Source records
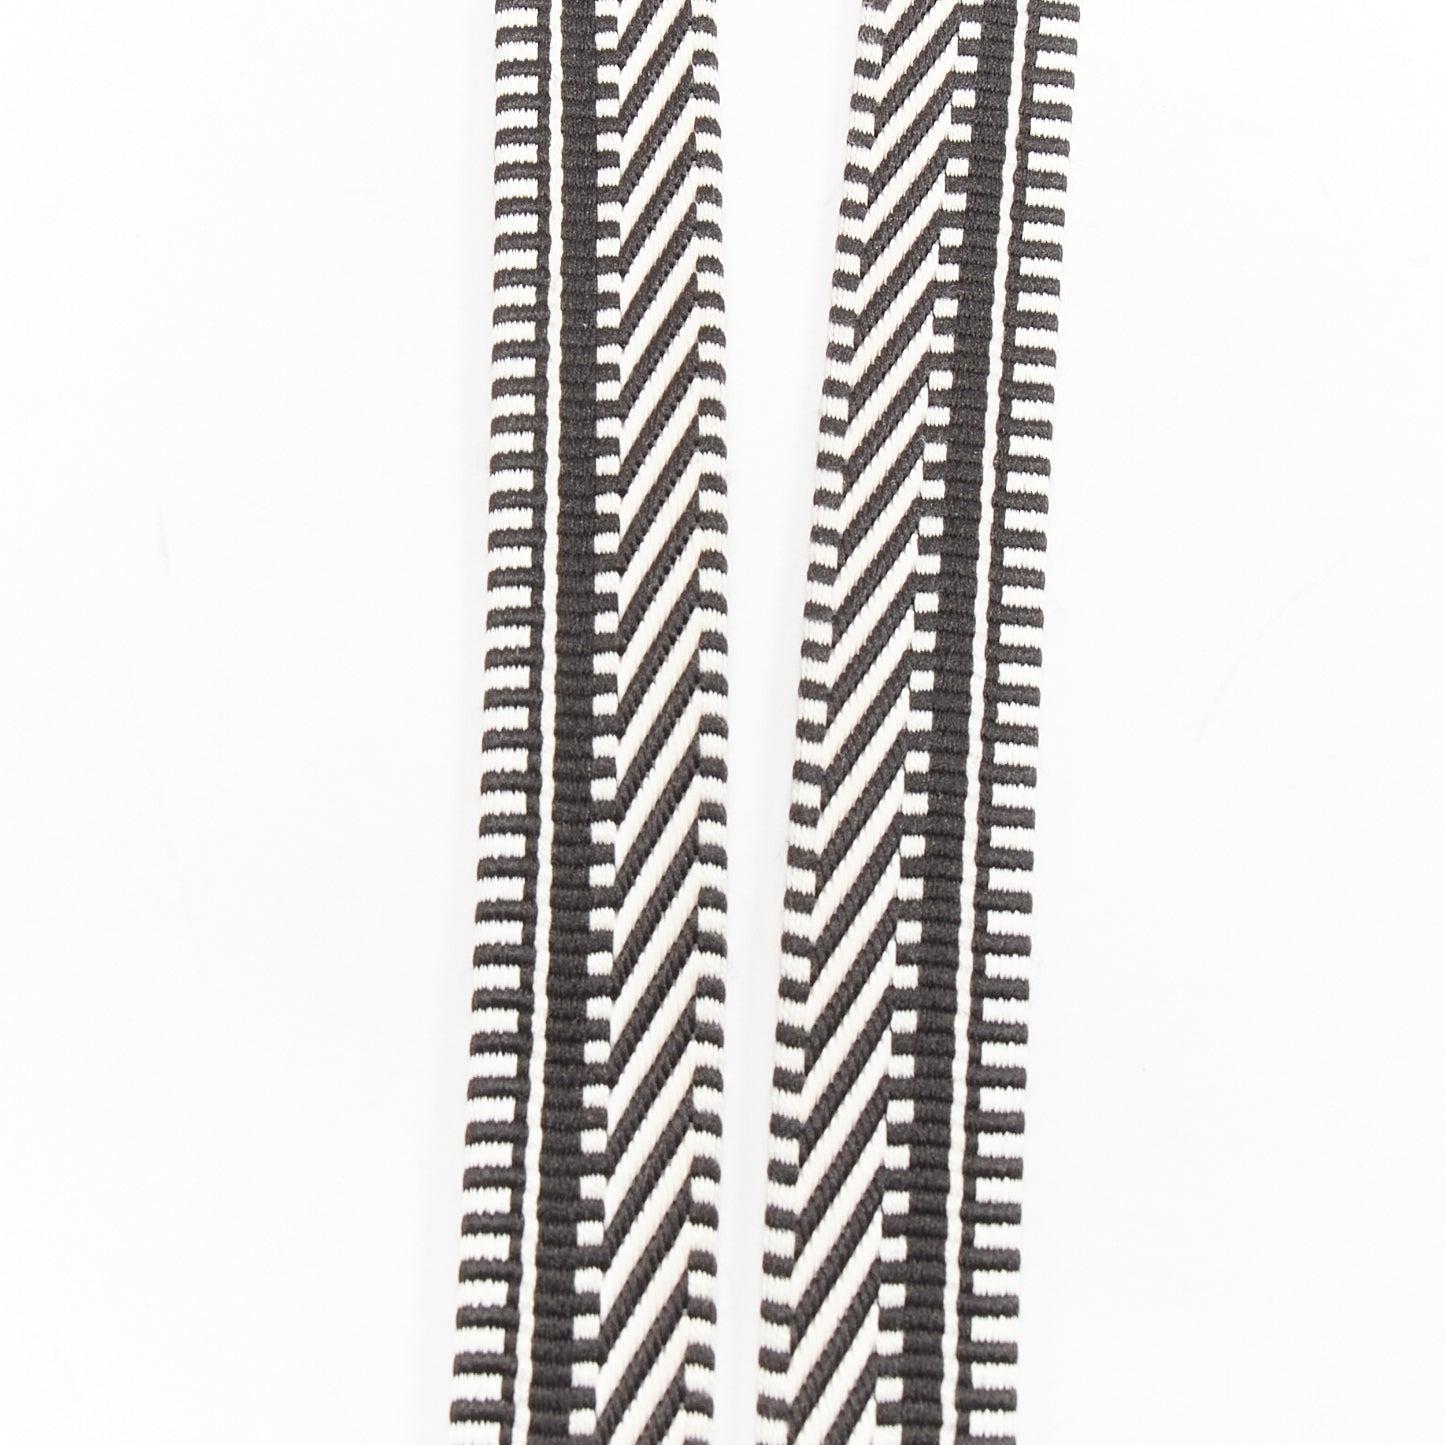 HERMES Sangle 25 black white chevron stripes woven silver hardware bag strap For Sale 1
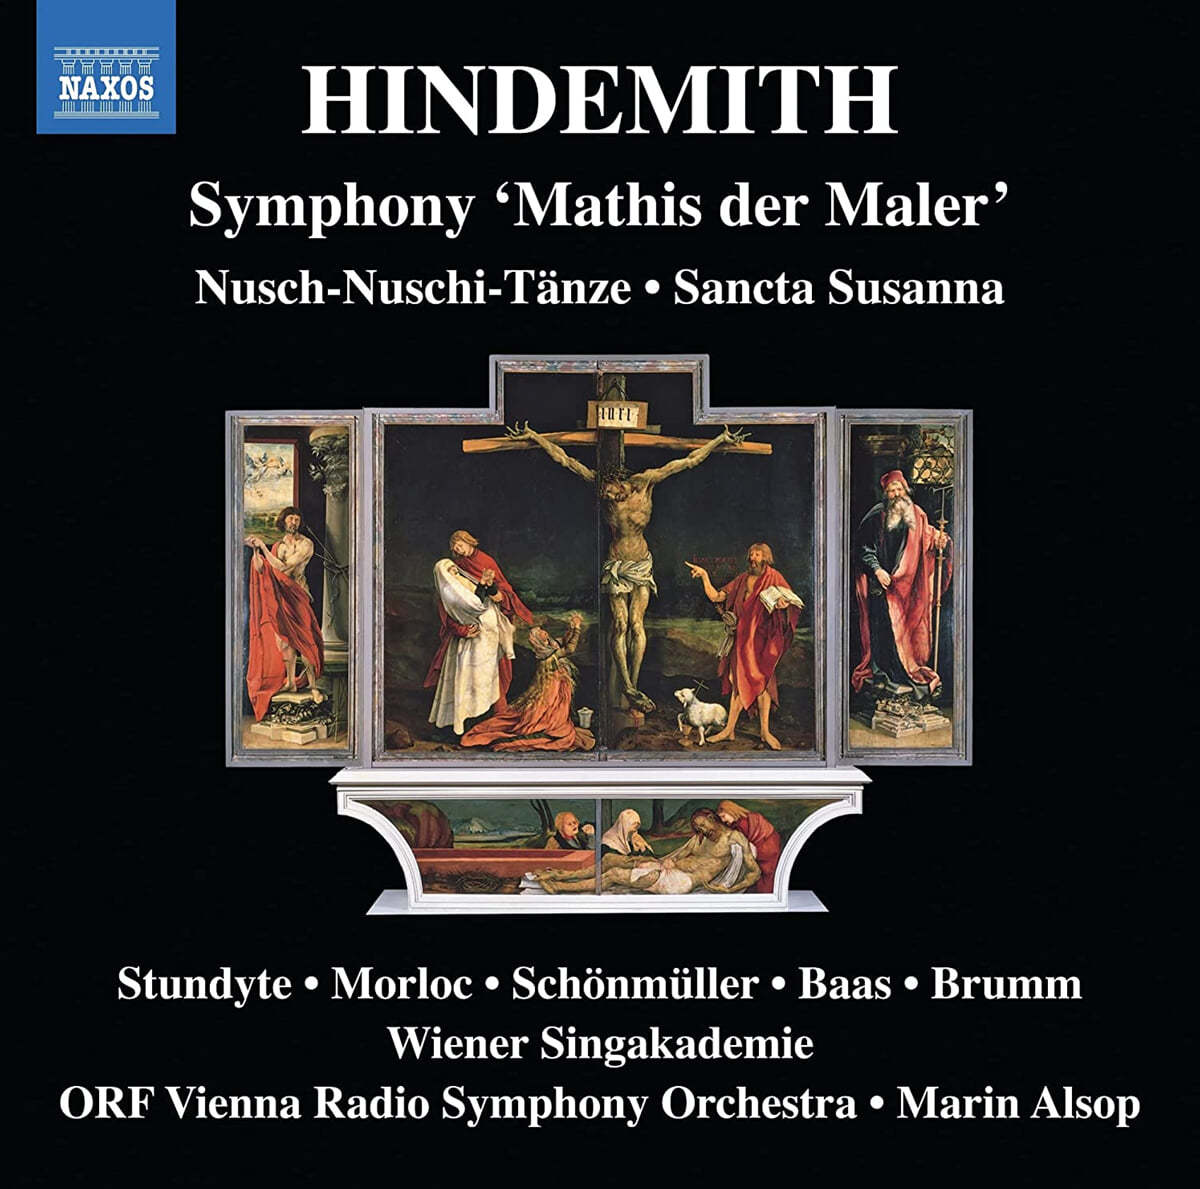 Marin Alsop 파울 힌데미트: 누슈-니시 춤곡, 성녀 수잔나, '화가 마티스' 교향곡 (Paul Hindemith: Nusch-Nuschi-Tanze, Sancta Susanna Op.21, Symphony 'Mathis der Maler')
...
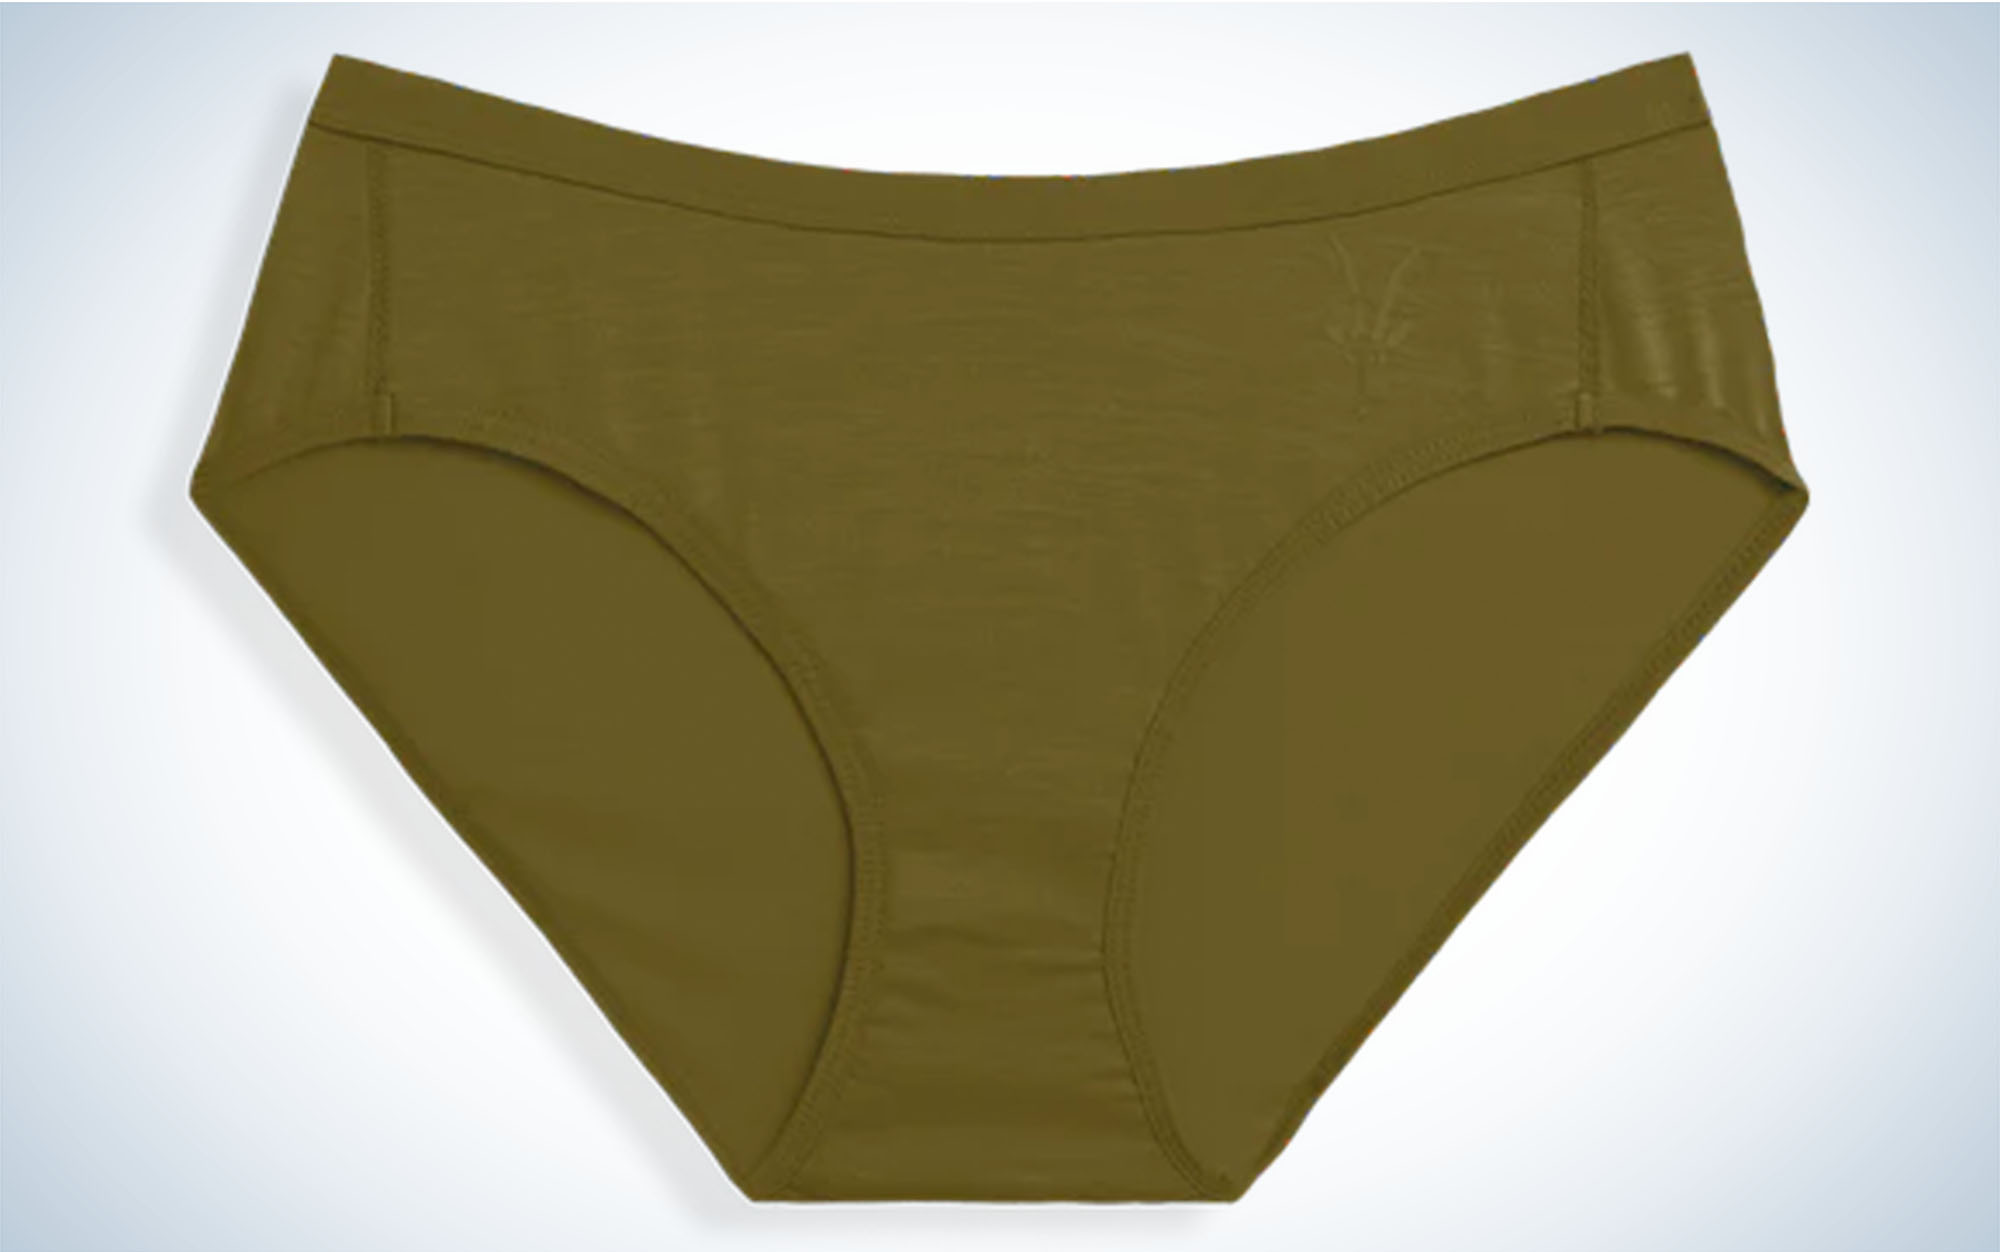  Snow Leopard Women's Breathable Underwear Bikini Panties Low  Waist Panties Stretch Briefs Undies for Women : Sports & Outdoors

What needs to be done
Go back to the lines above and output, exactly as they stand, the ones from the line containing "HERMES Sangle 25" to the line containing "Marin Alsop 파울". Leave all pictures behind.

Reply to the task
 HERMES Sangle 25 black white chevron stripes woven silver hardware bag strap For Sale 1
 Marin Alsop 파울 힌데미트: 누슈-니시 춤곡, 성녀 수잔나, '화가 마티스' 교향곡 (Paul Hindemith: Nusch-Nuschi-Tanze, Sancta Susanna Op.21, Symphony 'Mathis der Maler')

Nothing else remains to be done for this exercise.